Provided material START
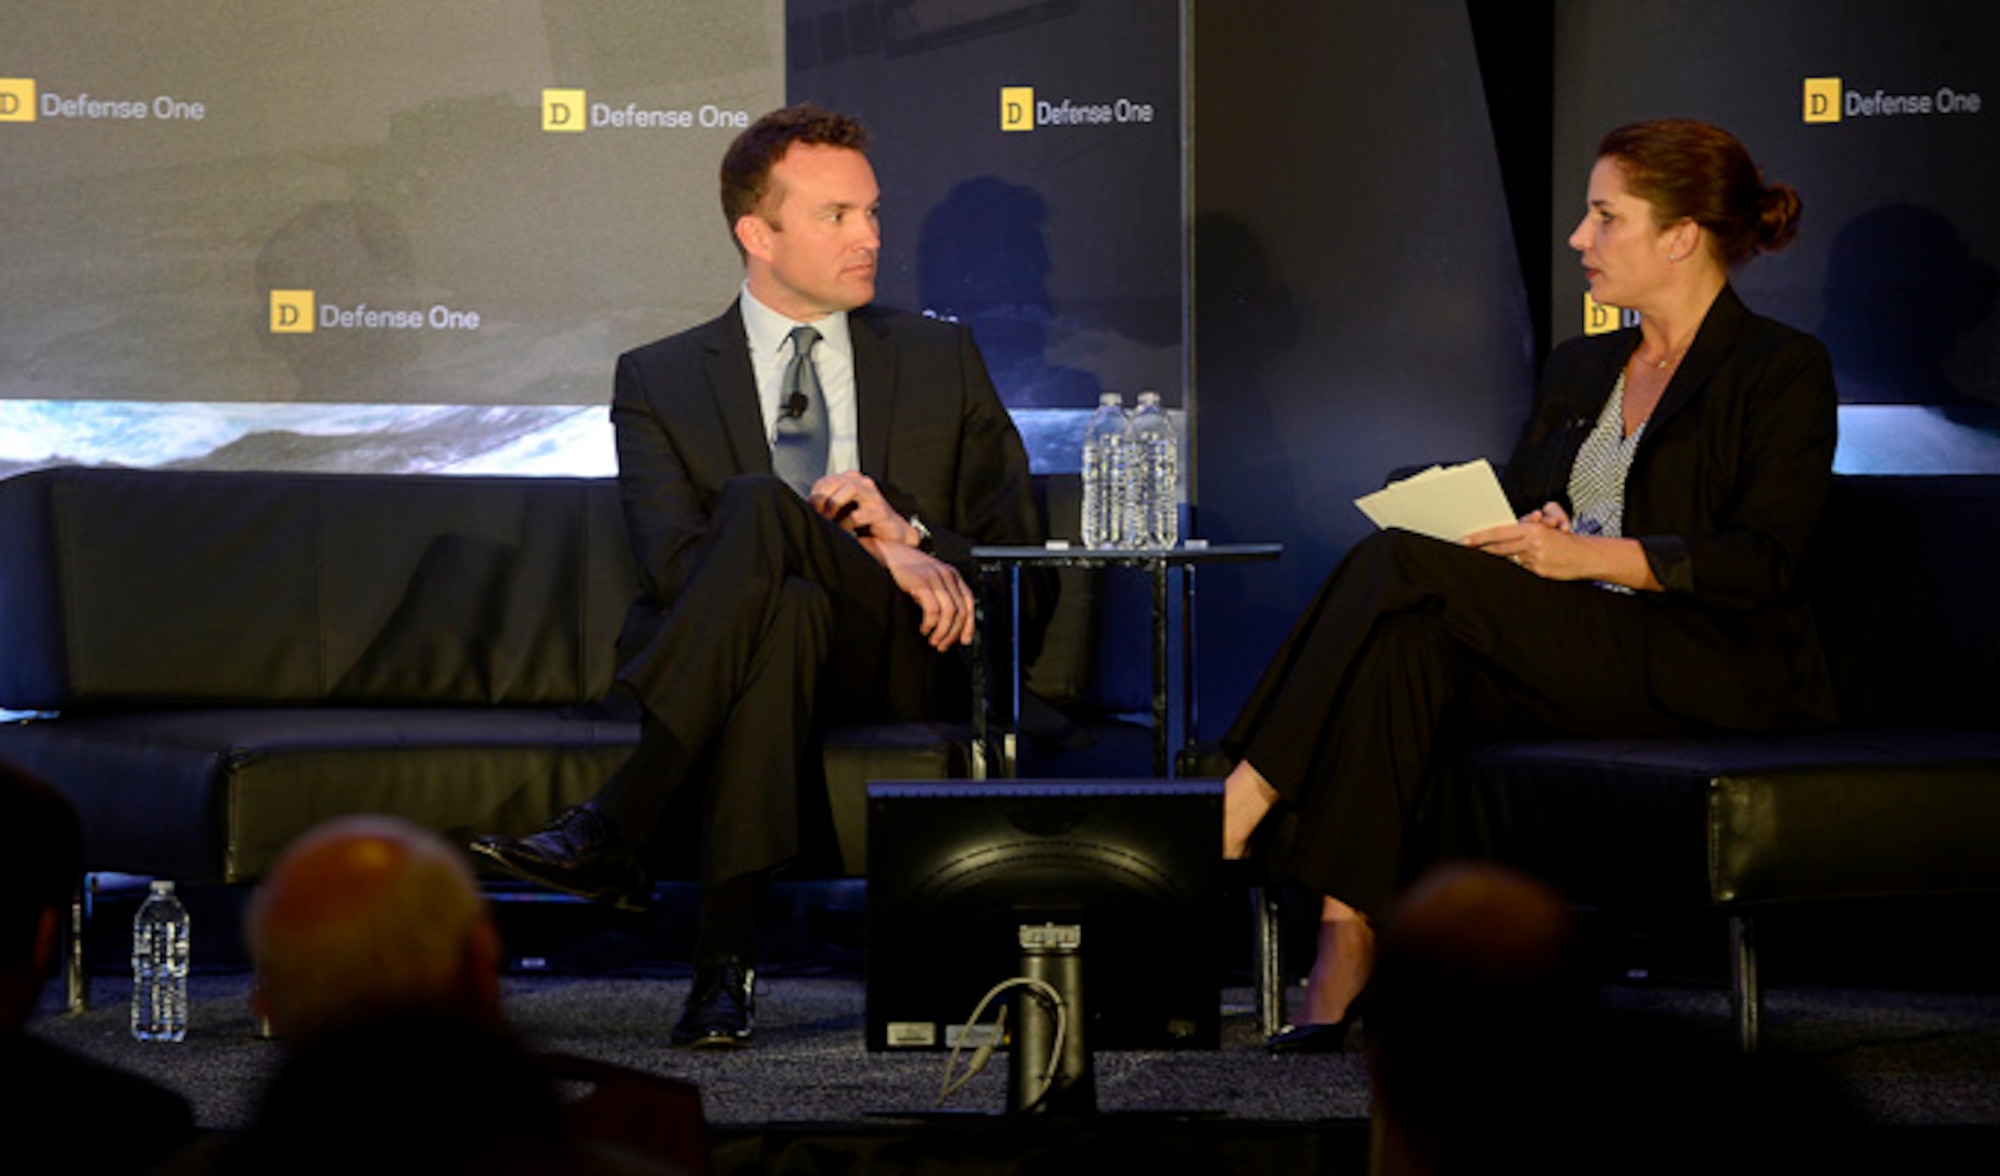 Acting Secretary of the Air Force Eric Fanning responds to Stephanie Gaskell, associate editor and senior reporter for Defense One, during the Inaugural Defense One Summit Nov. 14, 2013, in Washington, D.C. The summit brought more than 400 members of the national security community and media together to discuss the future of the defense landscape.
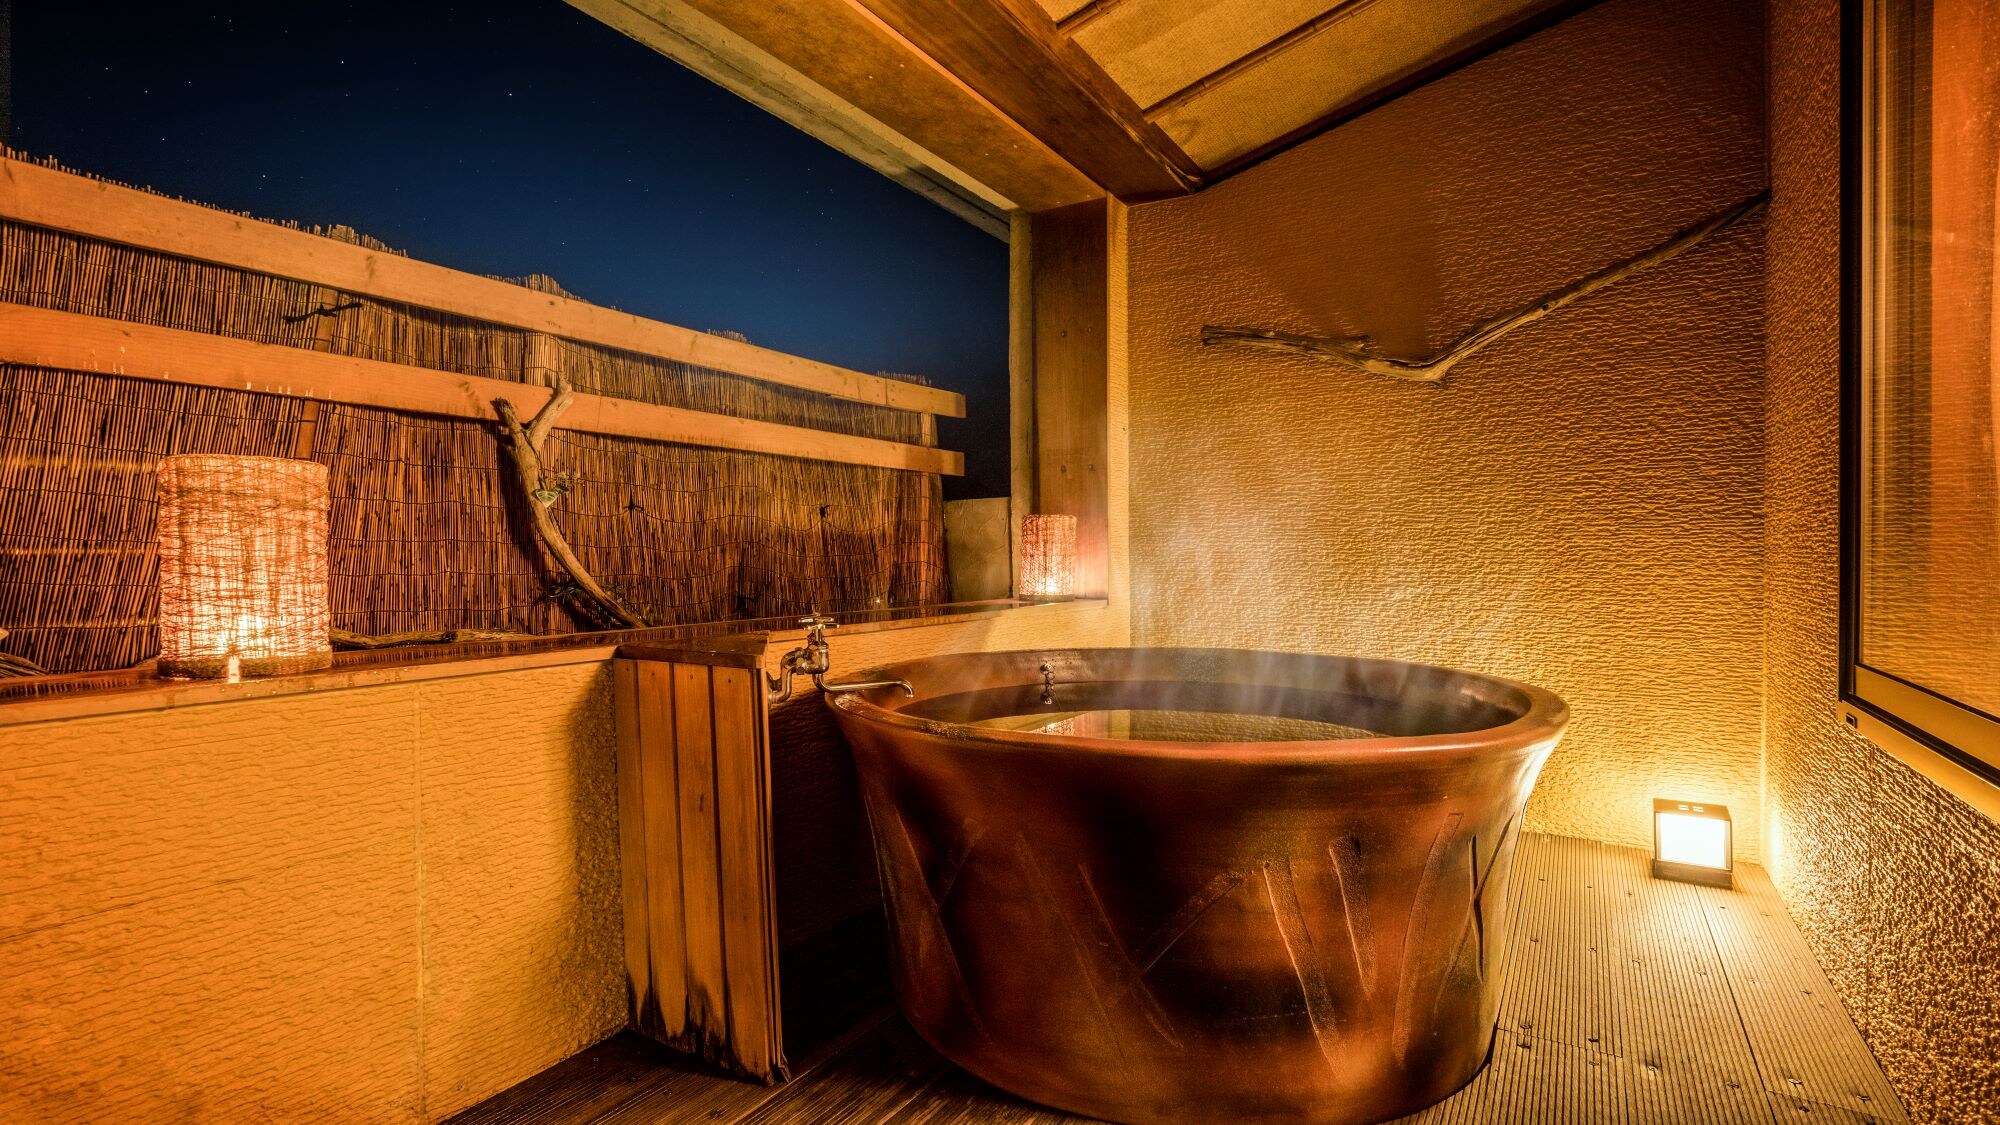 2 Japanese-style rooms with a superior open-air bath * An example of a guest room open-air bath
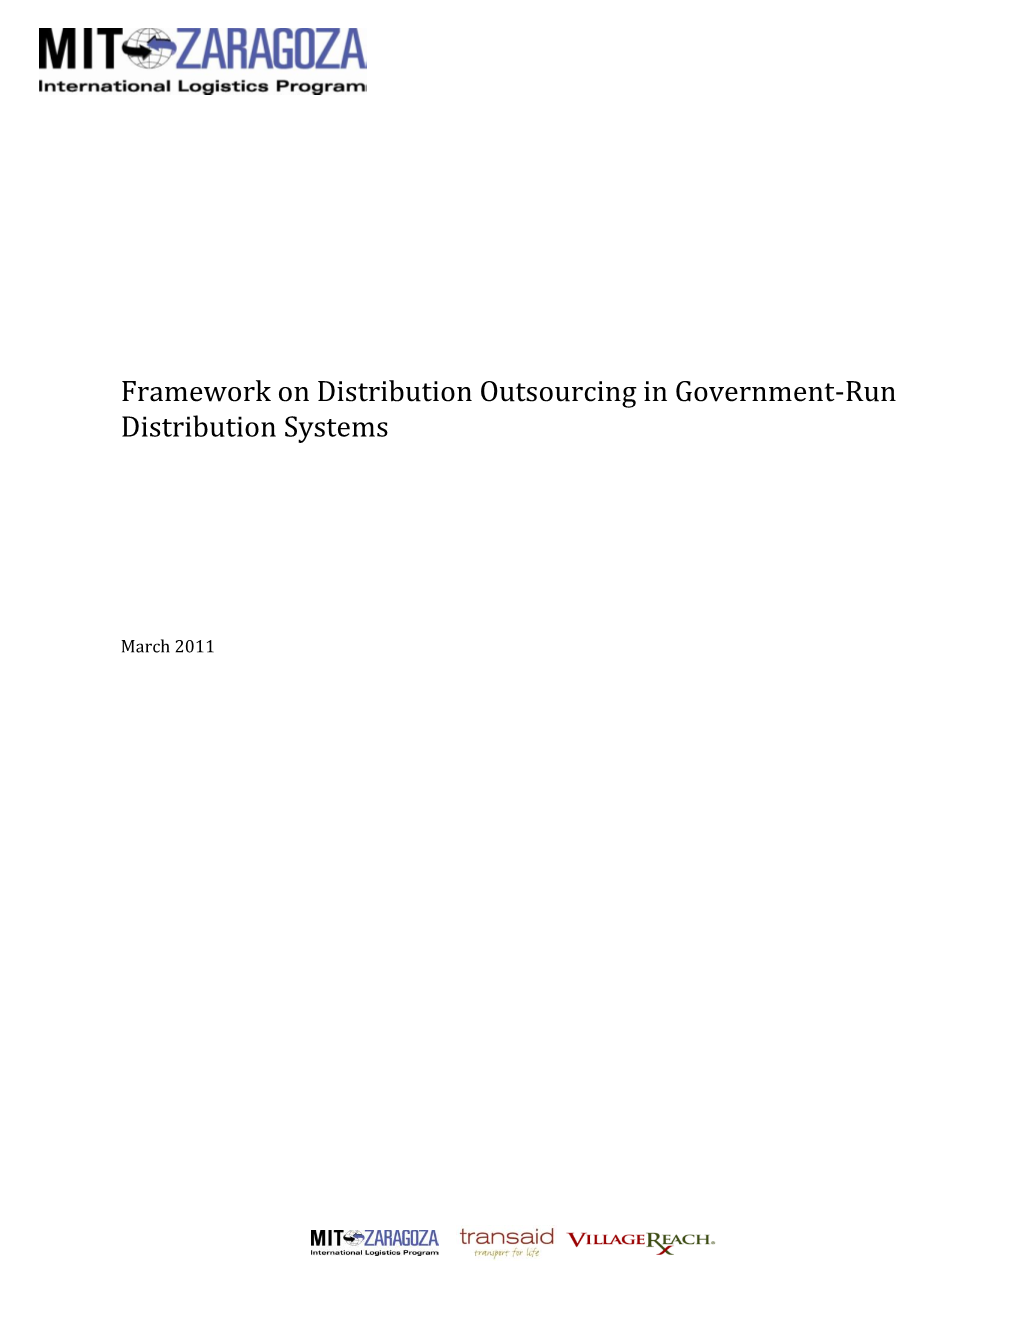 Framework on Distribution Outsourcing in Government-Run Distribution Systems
Provided material END
Action item :: Since the pictures are not wanted, transcribe only the rest of the material above, exactly as it stands.

Answer to this problem ::
 Acting Secretary of the Air Force Eric Fanning responds to Stephanie Gaskell, associate editor and senior reporter for Defense One, during the Inaugural Defense One Summit Nov. 14, 2013, in Washington, D.C. The summit brought more than 400 members of the national security community and media together to discuss the future of the defense landscape.
 2 Japanese-style rooms with a superior open-air bath * An example of a guest room open-air bath
 Framework on Distribution Outsourcing in Government-Run Distribution Systems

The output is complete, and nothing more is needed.